Не хочу быть полководцем - Валерий Елманов 27 стр.


Лишь к вечеру мы поняли, в чем дело. Как заполыхаю в той стороне, где стояло Коломенское - государева резиденция, так сразу все стало ясно. Это защитники царского села подарили нам денек. Там сегодня крымчаки рассчитывали поживиться добычей. Все ж таки царское. Только зря рассчитывали. Царь там уж добрый пяток лет почти и не бывал, а когда выезжал, то вез все с собой - и драгоценную посуду, и постели, и шубы, и прочее. Ну и назад соответственно увозил. Сплошное разочарование, а не село.

Горело жарко. Клубы черного смолистого дыма вздымались высоко вверх, народ крестился, глядючи на очередной разор, а Воротынский… довольно хмыкал и даже напоследок улыбнулся. Заметив удивление на моем лице, он смущенно пояснил:

- Дымок я узрел. Видал, яко он кверху шел, ровно свеча. Потому и возрадовался. Промашку ты дал, фрязин. Не запалить им Москвы. Господь за нас.

Напрасно он уверился в поддержке небес. Обманчивы они. Сегодня - так думают, а что завтра решат - никому не ведомо. Хотя на первый взгляд и назавтра погода выдалась точно такая же. К сожалению, теплая и солнечная, но - безветренная.

Крымчаки пошли в атаку с самого утра. С визгом и дикими воплями подлетали они поближе, но в бой не рвались и вплотную не приближались. Не та стояла перед ними задача - совсем иная. И дикая стая огненных стрел зловещим дождем хлынула на город.
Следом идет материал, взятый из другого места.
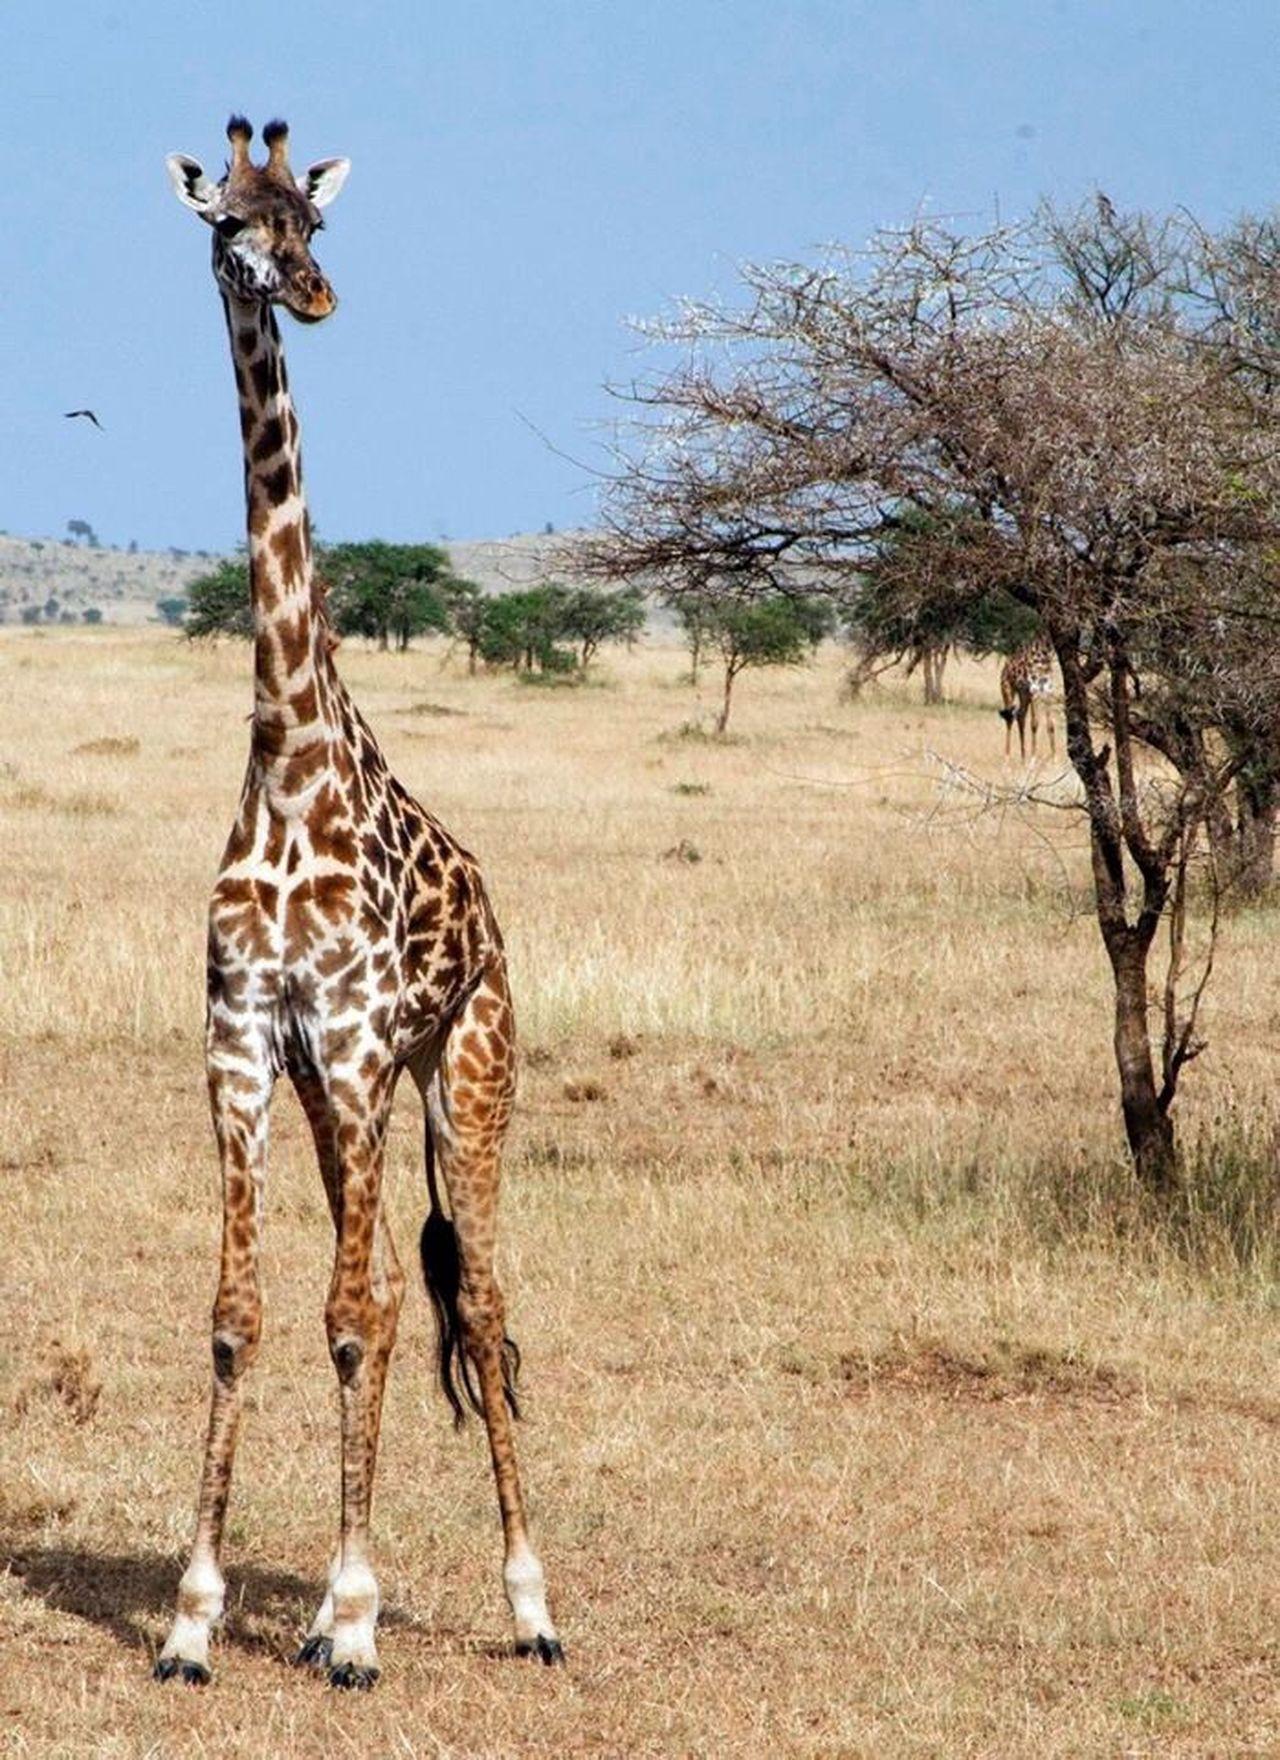 Giraffe Animal Wildlife Serengeti National Park Tansania Africa

Поначалу народ, кинувшийся их тушить, успевал. Почти. Возле нас и вовсе не возникло ни одного пожара, даже небольшого, локального. Но мы не в счет, поскольку стояли недалеко от Болвановки, по ту сторону Яузы, а атаки шли на Москву. Что происходило в самом городе, не скажу - за стенами не видно, но вроде бы тоже ничего страшного.

Все переменилось спустя полчаса. Уже первый порыв ветра, прилетевшего со стороны реки, оказался настолько силен, что часть веревок, удерживавших шатер Воротынского, лопнули, и тот неловко осел, скомканный властной невидимой рукой.

Татары радостно взвыли, и было от чего. Получилось, ветер за них. Стрелы теперь летели чуть ли не на сотню метров дальше. К тому же в воздухе пламя на них раздувалось с такой силой, что куски горящей пакли отваливались, беспорядочно падая то тут, то там. Густой дым уже не позволял видеть, что творится у соседей, но и без того стало ясно - худо дело. Полк стоял на месте в тревожном ожидании, но воины Девлет-Гирея не обращали на нас ни малейшего внимания, продолжая огненный обстрел. И они добились своего - небольшие по размерам пожары постепенно сливались в более крупные, а вскоре и они сошлись вместе, образовав огромный полыхающий факел.

О масштабах бедствия можно было судить по высоте языков пламени, которые легко перехлестывали многометровые кремлевские стены и вздымались еще на столько же вверх. Истошно звонили колокола, будто люди сами не видели опасности. Большой набат, несшийся со всех сторон, словно отпевал город. Это была заупокойная служба по столице.

Спустя еще час или два их скорбно-медные голоса продолжали раздаваться, но с каждой минутой звучали они все реже и тише, один за другим умолкая. Я не видел, но мне потом рассказывали, что ручейки застывшего металла, стекающего с беспомощно лежащих на земле колоколов, удивительно походили на человеческие слезы. Может, преувеличивали, а там как знать. Зато мы все хорошо слышали истошные крики людей, пытавшихся спастись от огня.

Атаки не последовало. В дыму и чаду мы прождали ее до самого вечера, но, увы. А так хотелось сорвать на крымчаках злость, хоть как-то отомстив им за содеянное.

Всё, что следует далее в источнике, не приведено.